For a soak without a crowd, the Orvis Hot Springs in Ridgway is 10 minutes north and serves an adult-only, clothing-optional experience that is very different from the Ouray Hot Springs Pool. Go on a weeknight. $25 entry.

The drive over Red Mountain Pass at night is its own experience when roads are clear. The stars from the Idarado Mine pullout are extraordinary because there is almost no light pollution for 30 miles in any direction. Pull over, turn off the engine and the headlights, and wait. Do not attempt in winter or during active weather.

Practical Info

Ouray sits at 7,792 feet. The altitude is noticeable the first day. If you are coming from sea level, take it easy on arrival, hydrate aggressively, and skip the cocktails that first night. Most of the jeep trails and hikes climb above 11,000 feet; altitude sickness is a real consideration.

Cell service in Ouray is decent on Verizon and AT&T. T-Mobile is weak. Service drops immediately once you head up any of the jeep trails, and there is no service on most of Red Mountain Pass. Download offline maps before heading into the backcountry.

Cash is useful for Maggie's Kitchen (cash preferred), for the Amphitheater Campground, and for some of the jeep rental agencies that give a cash discount. Everything else takes cards. ATMs are available at the bank on Main Street.

The Ouray Mercantile on Main Street is the only grocery in town and is small. Hours are 7 AM to 9 PM daily. For a full grocery run, drive 10 minutes north to the City Market in Ridgway. Montrose, 37 miles north, has Walmart and Target.

Gas in Ouray is expensive. Fill up in Montrose or Ridgway before arriving. The single gas station in town runs about 40 cents per gallon more than Montrose prices. On the Million Dollar Highway, gas is scarce; Silverton is the next stop south and also expensive.

Dispensaries are legal in Colorado but Ouray has only one in town, Main Street Medical. Hours limited. For more selection, Montrose has several shops. Consumption is only legal on private property where permitted; no smoking on federal trails, at the hot springs, or in the ice park.
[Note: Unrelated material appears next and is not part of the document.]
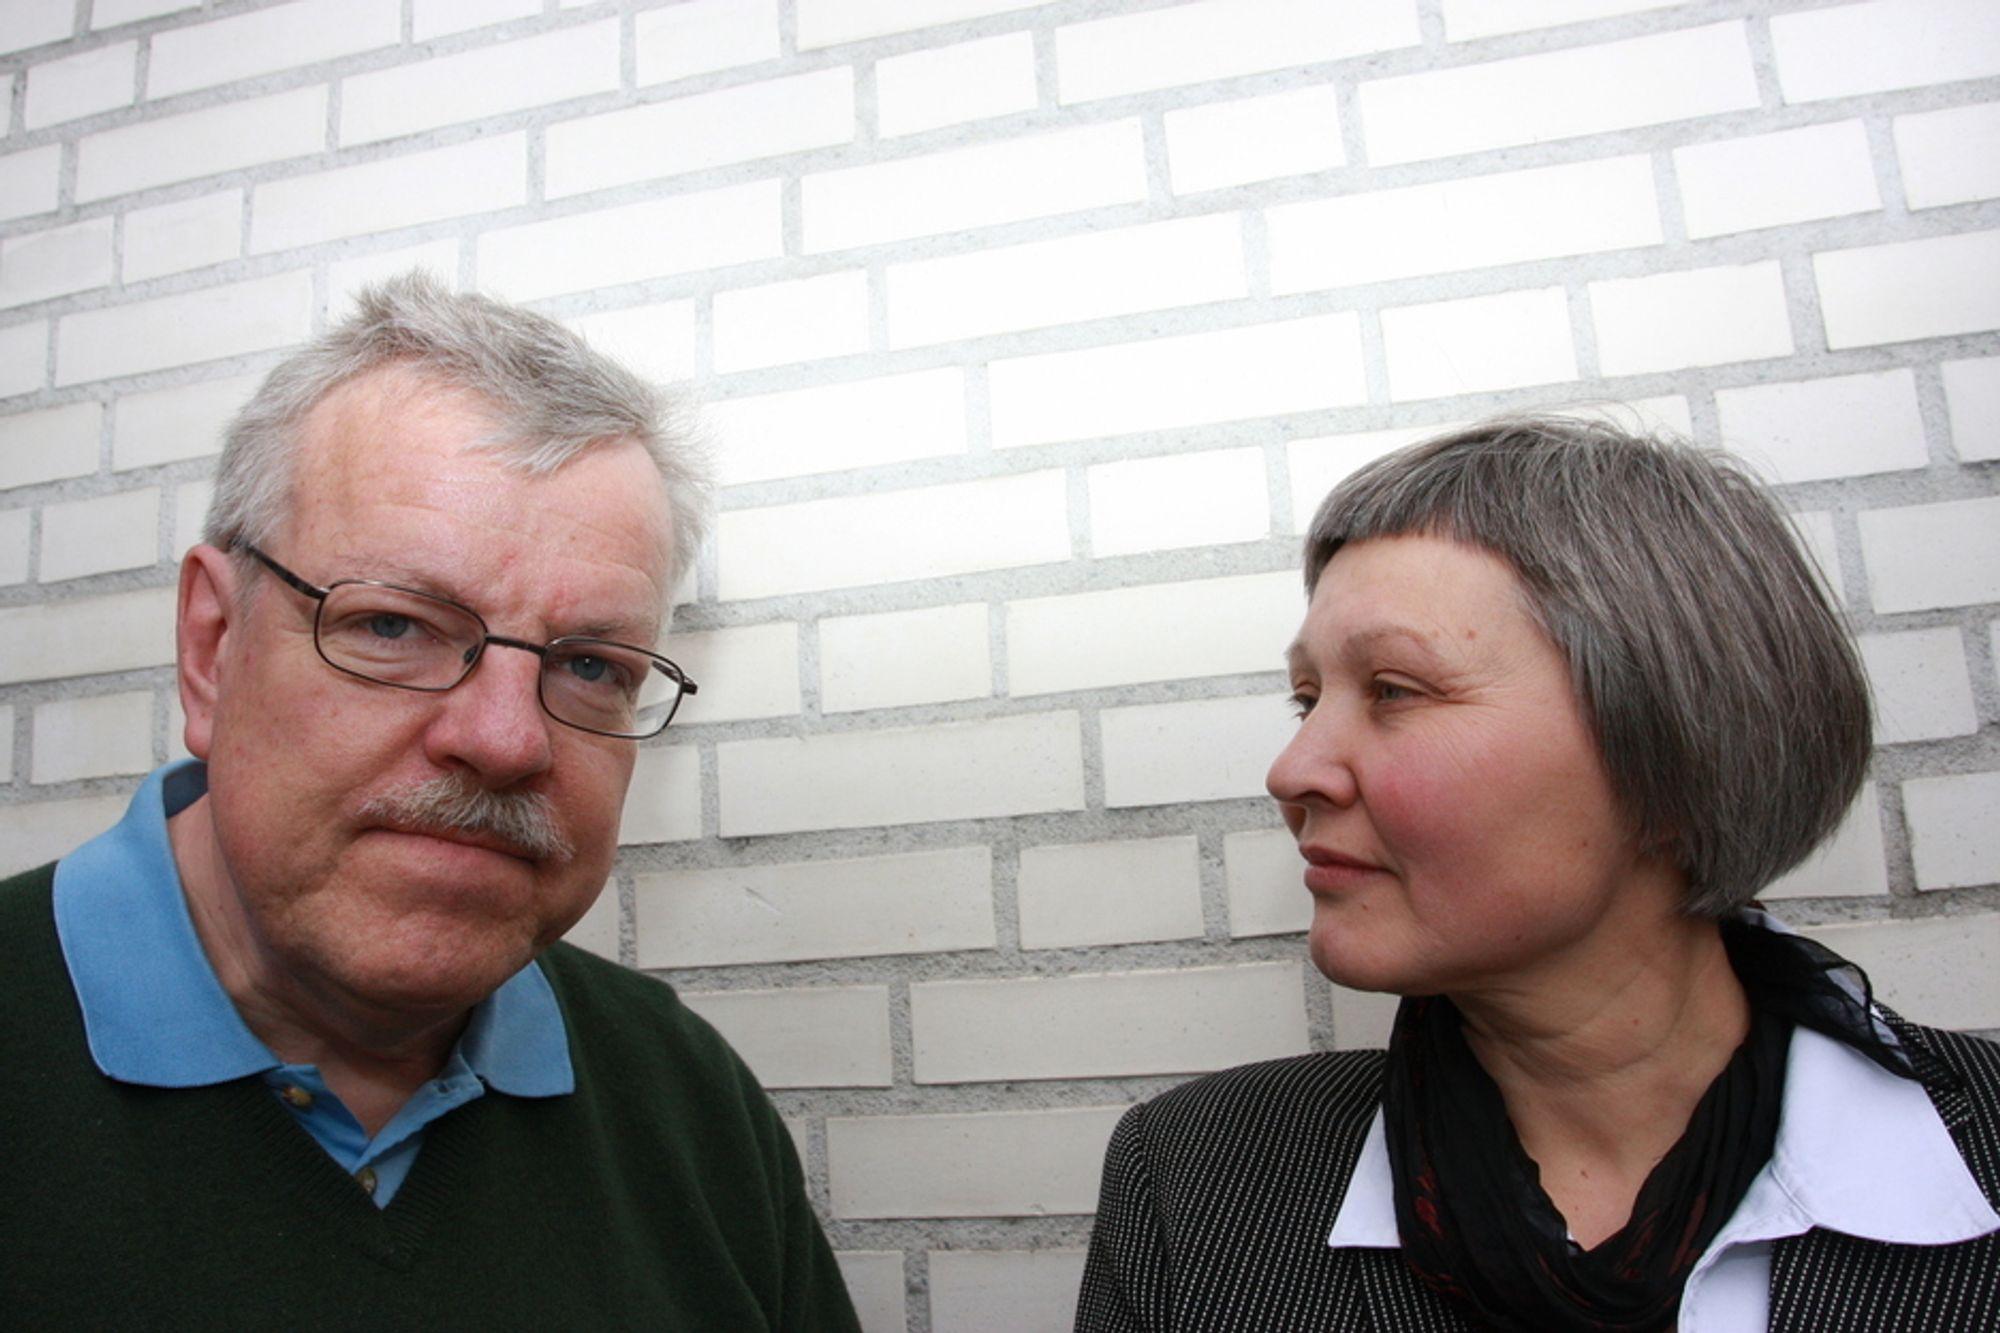 KJEMPER FOR AKSEPT: Solveig Glomsrød og Foreningen for el-overfølsomme (FELO) kjemper for merkelappen medisinsk diagnose. Den svenske neurologiprofessoren Olle Johansson kjemper for å få forske mer på fenomenet.

Quirks worth knowing. Ouray is a small town and locals greet each other (and often visitors) on the street; a nod is appreciated. Mule deer walk through yards and across Main Street in the early morning and evening; drive carefully. The Christmas lights on Main Street go up in mid-November and stay up through March; the town leans into winter. Parking in peak summer can require walking five blocks; plan accordingly. The sulfur smell along the river is natural geothermal activity and not sewage. Ice climbers arriving in January often double-park on Main Street for gear swaps; this is tolerated. The one thing locals ask of visitors is that you slow down when you drive through the canyon; the road is narrow, the cyclists are real, and the drop-offs are permanent.